第八十四話【みんなで、街に到着します】


「それにしても荒れた土地ね」

「ああ、このあたりには小国が乱立していてね。割と最近まで戦渦に巻き込まれていたのだよ」


 デュクスブルクに向かう途中、馬車と併走しながら器用にシュトラウスさんが説明してくれたわ。
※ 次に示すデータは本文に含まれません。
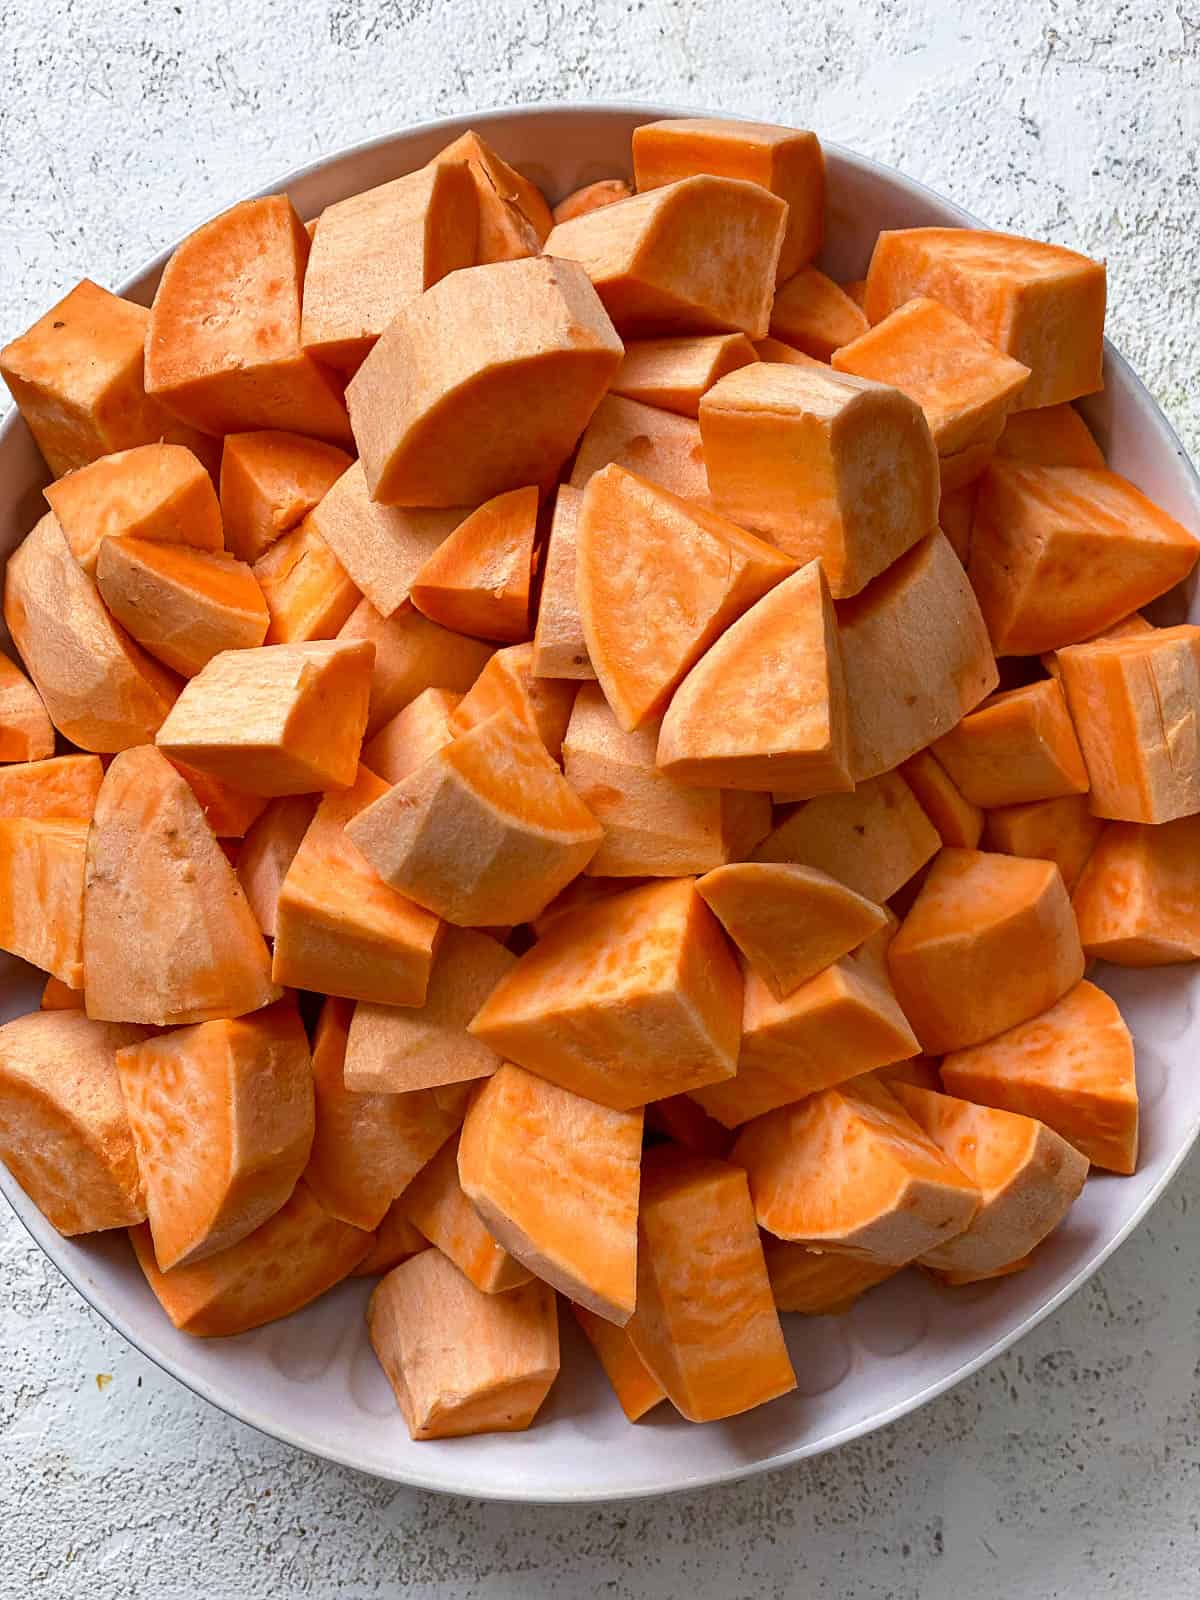 Bowl of raw chopped and peeled sweet potatoes in a white bowl on a textured white surface.

 今は彼のまたがるゲヴェーンリヒに合わせた速度で進んでいるわ。

 本当は先行したいのだけれど、シュトラウスさんがまた無茶したら、ゲヴェーンリヒが可哀相ですものね。


「元々は穀倉地帯だったらしいが、今は見る影もないね。はっはっは!」

「笑い事じゃないですよ」


 広い平地が続いているのに、まるで作物がないと思ったら、主戦場だったのね。きっと。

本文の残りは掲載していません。